> [Material provided]:
>>>>>

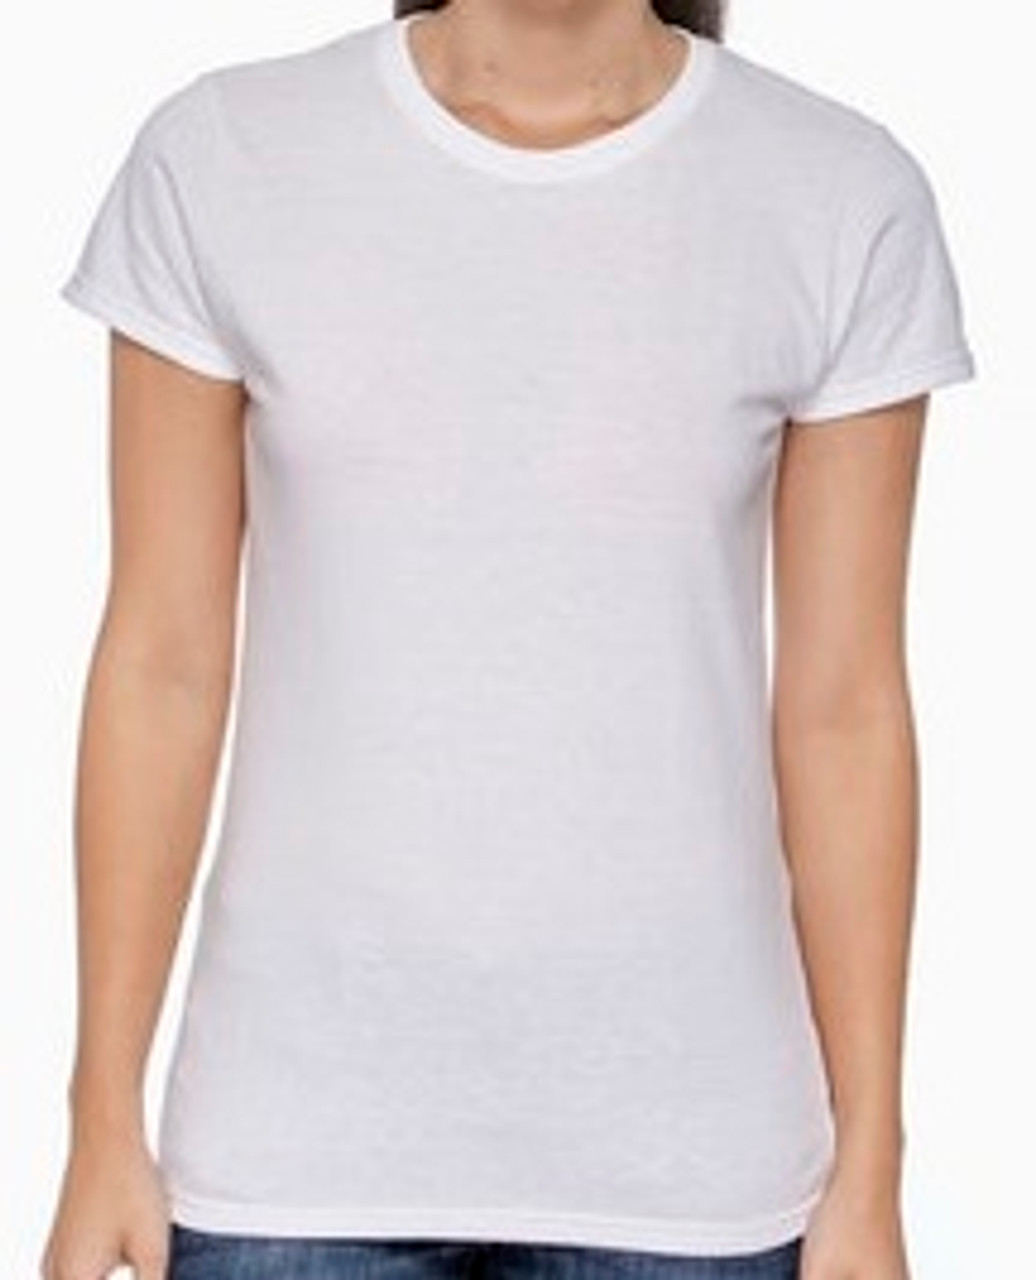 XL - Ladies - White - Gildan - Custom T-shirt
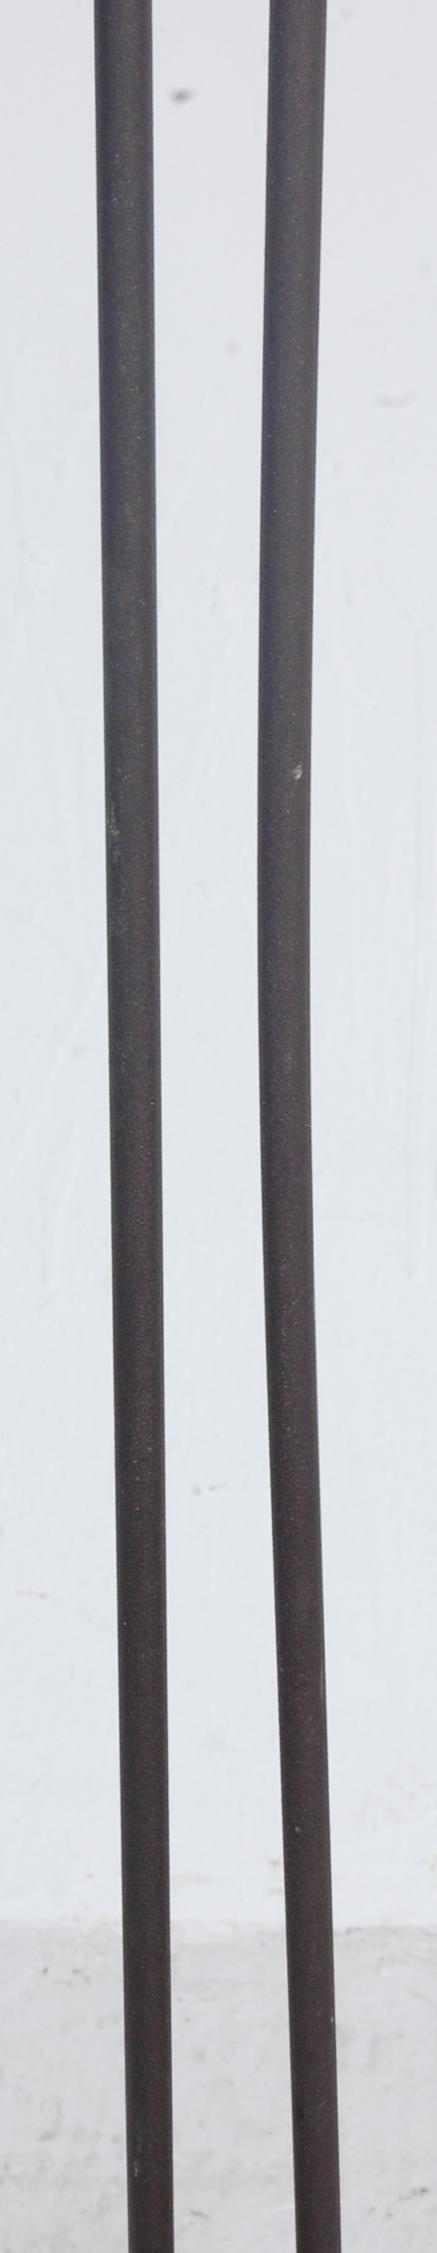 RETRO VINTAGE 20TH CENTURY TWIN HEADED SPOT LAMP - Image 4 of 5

<<<<<
>>>>>

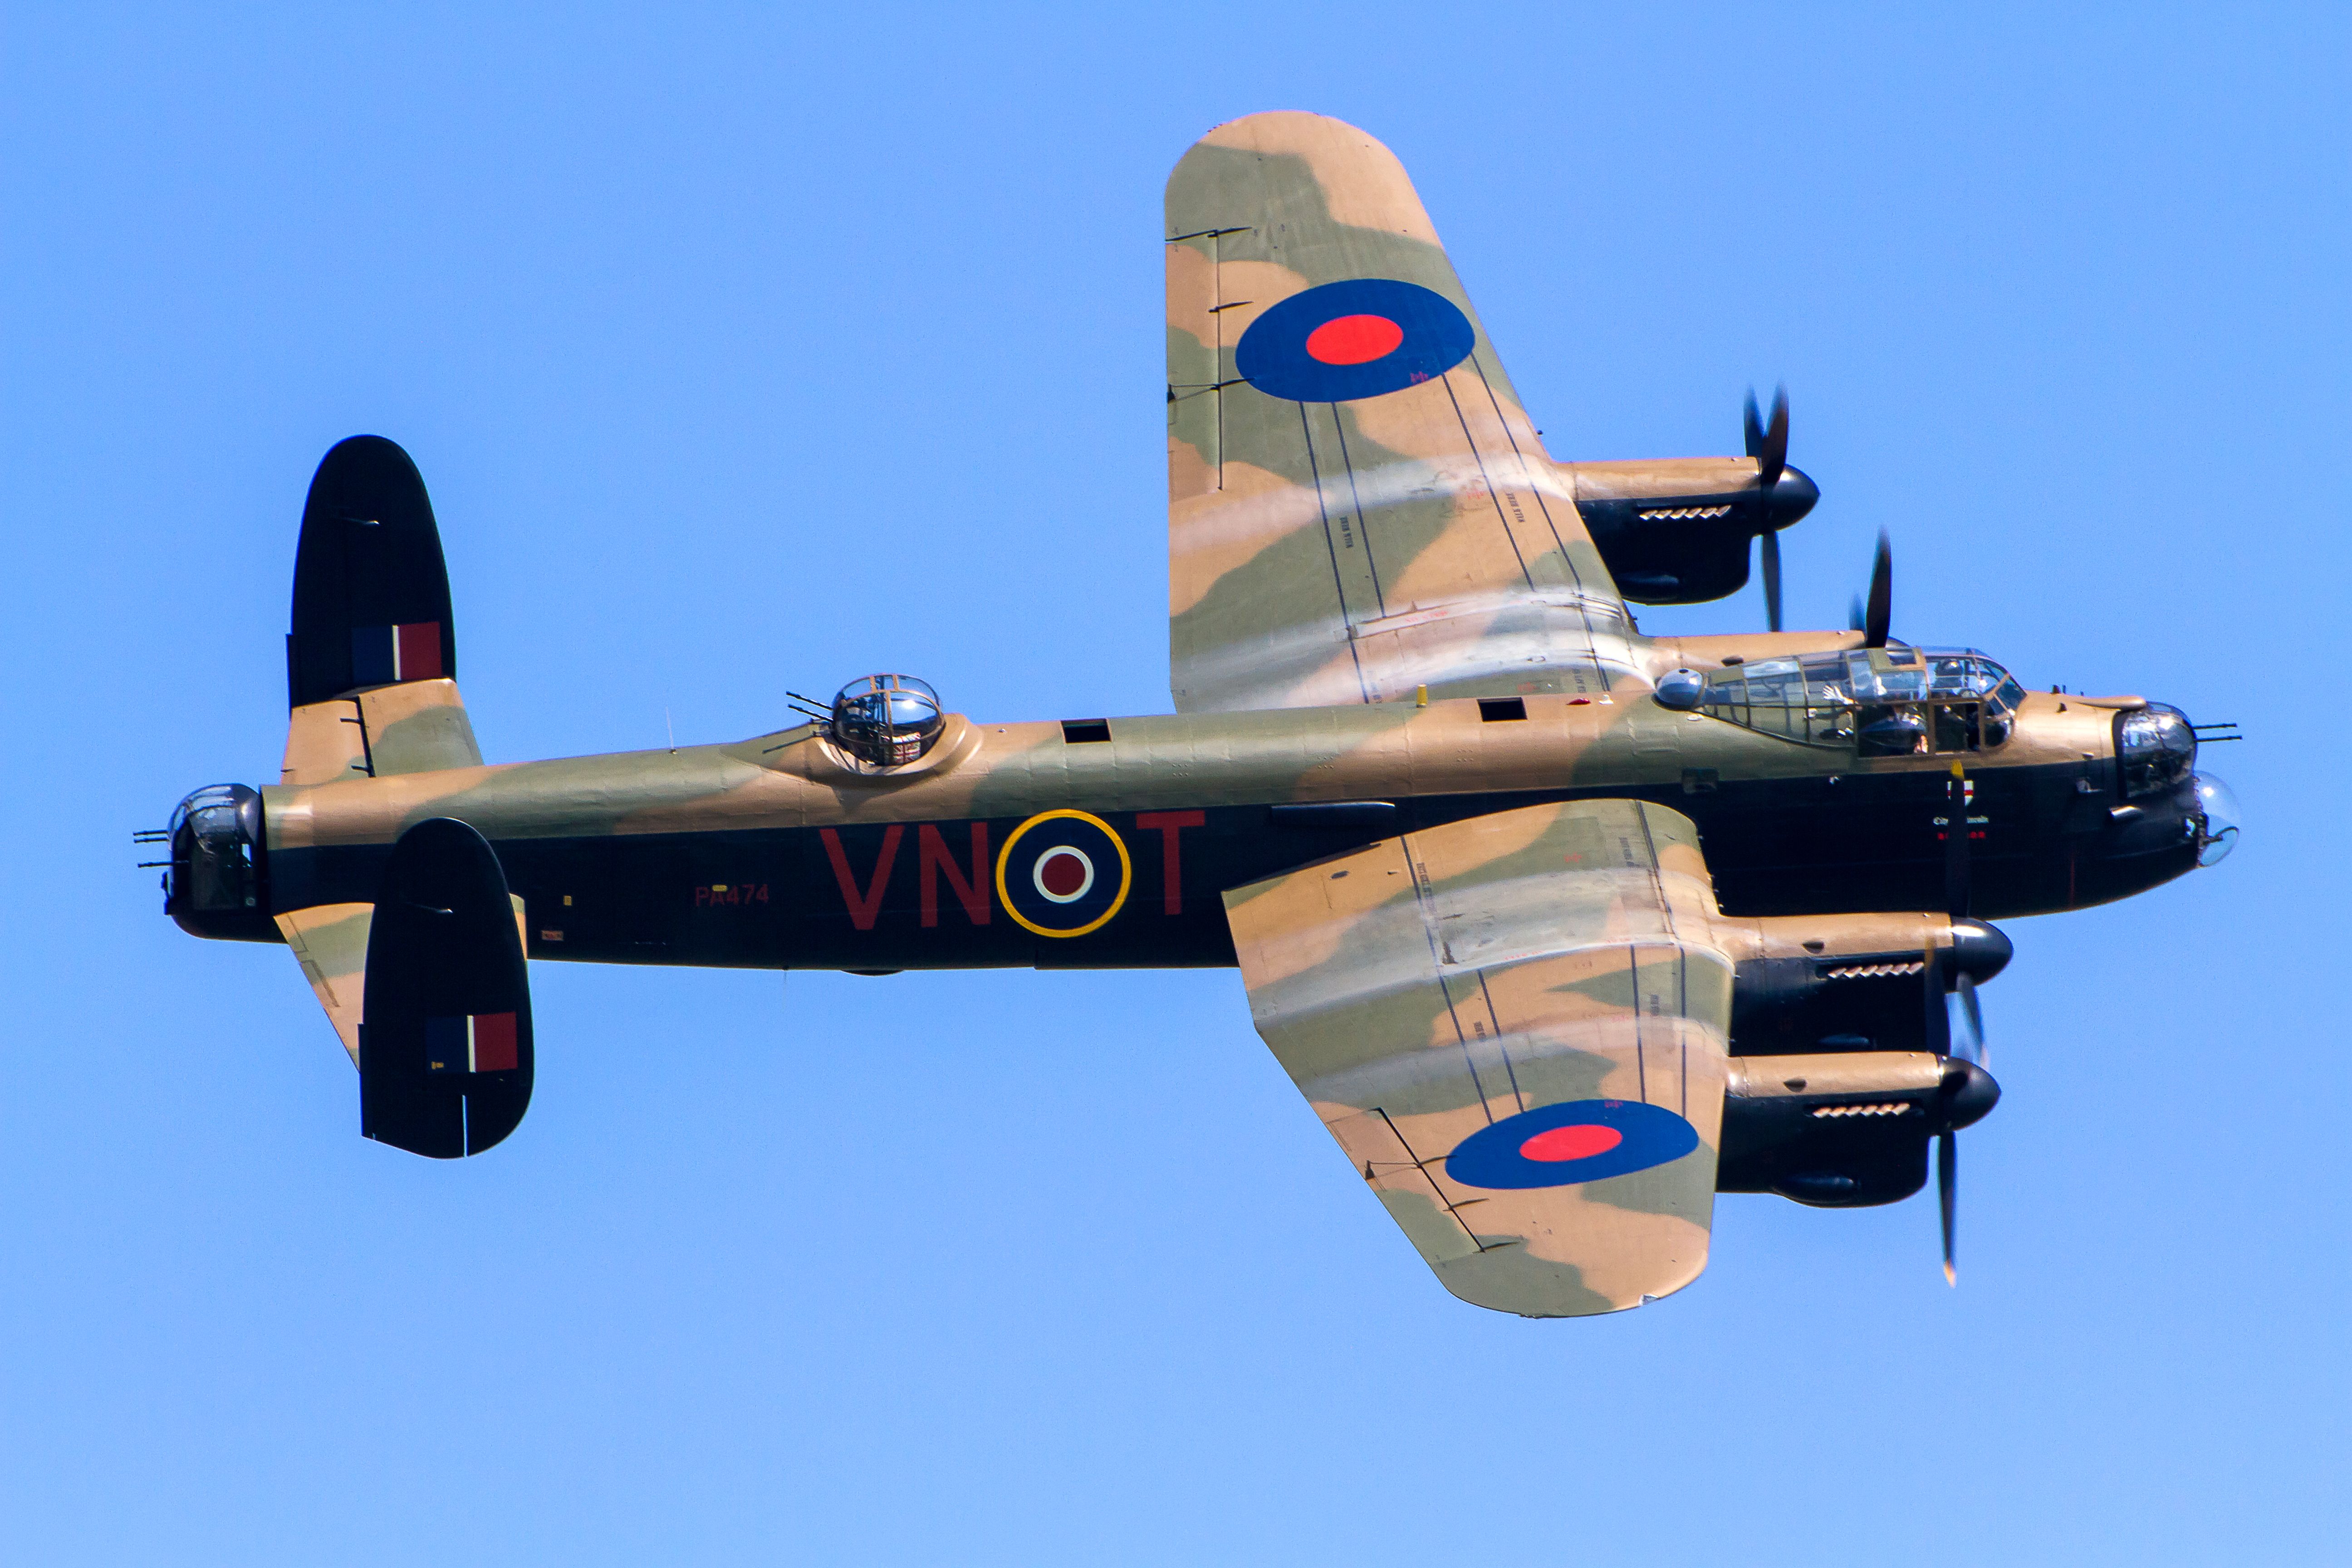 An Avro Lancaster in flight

<<<<<
>>>>>

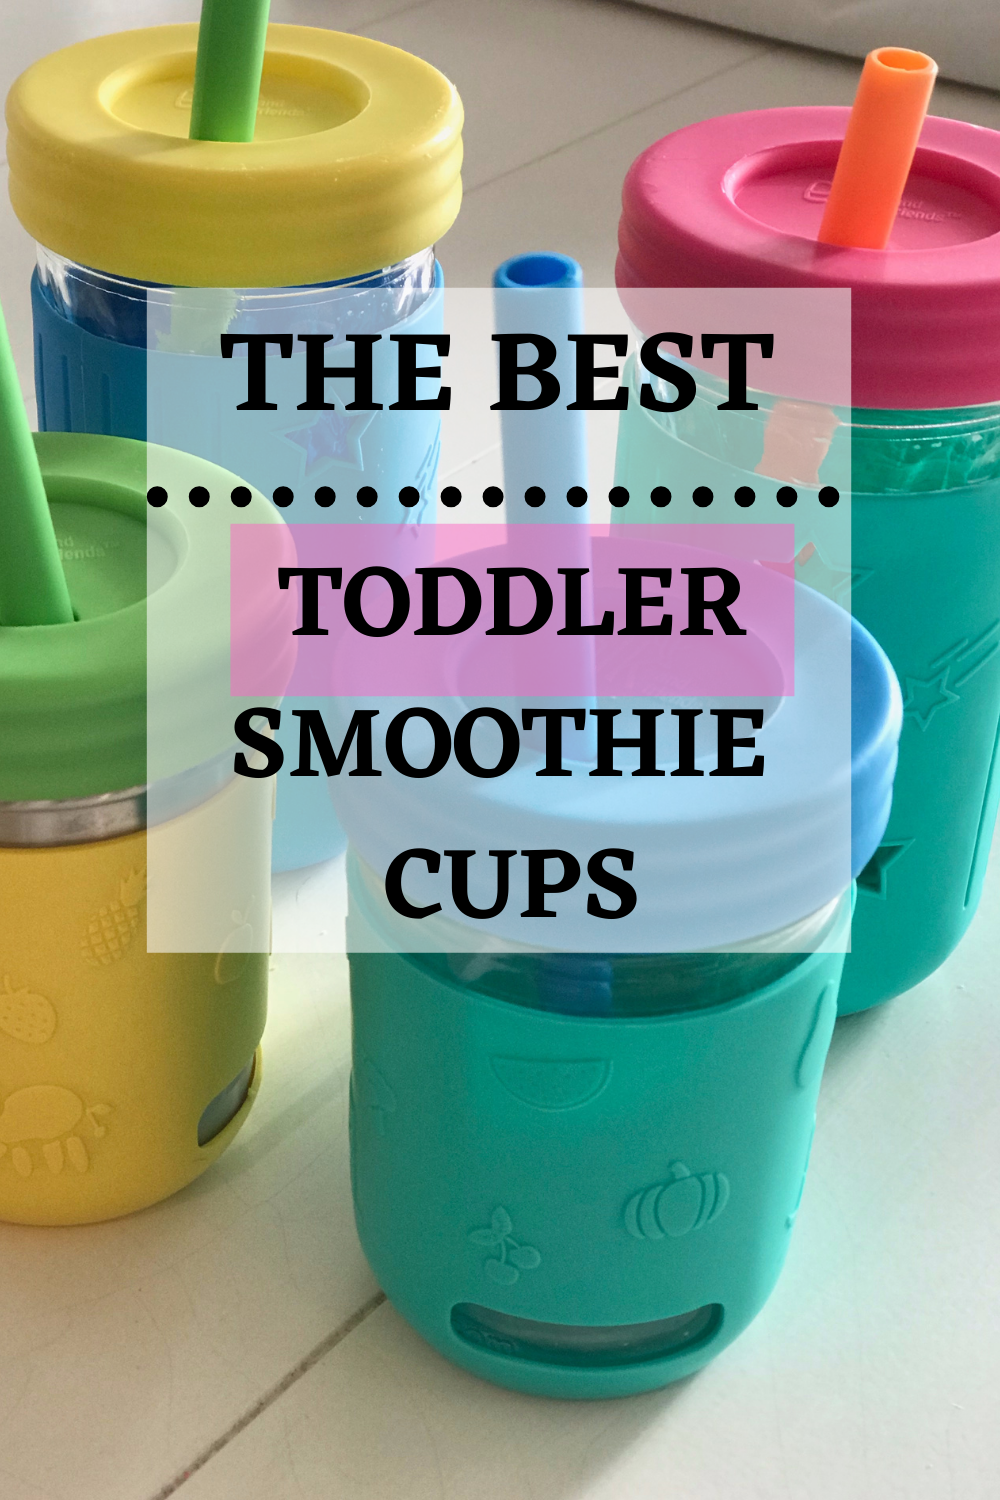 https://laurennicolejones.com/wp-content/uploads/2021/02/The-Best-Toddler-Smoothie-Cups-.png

<<<<<

> [Exercise objective]: Exactly the lines above from the one that contains "XL - Ladies" down to the one that contains "RETRO VINTAGE 20TH" are to be output, both ends kept and pictures omitted.

> [Answer box]:
 XL - Ladies - White - Gildan - Custom T-shirt
 RETRO VINTAGE 20TH CENTURY TWIN HEADED SPOT LAMP - Image 4 of 5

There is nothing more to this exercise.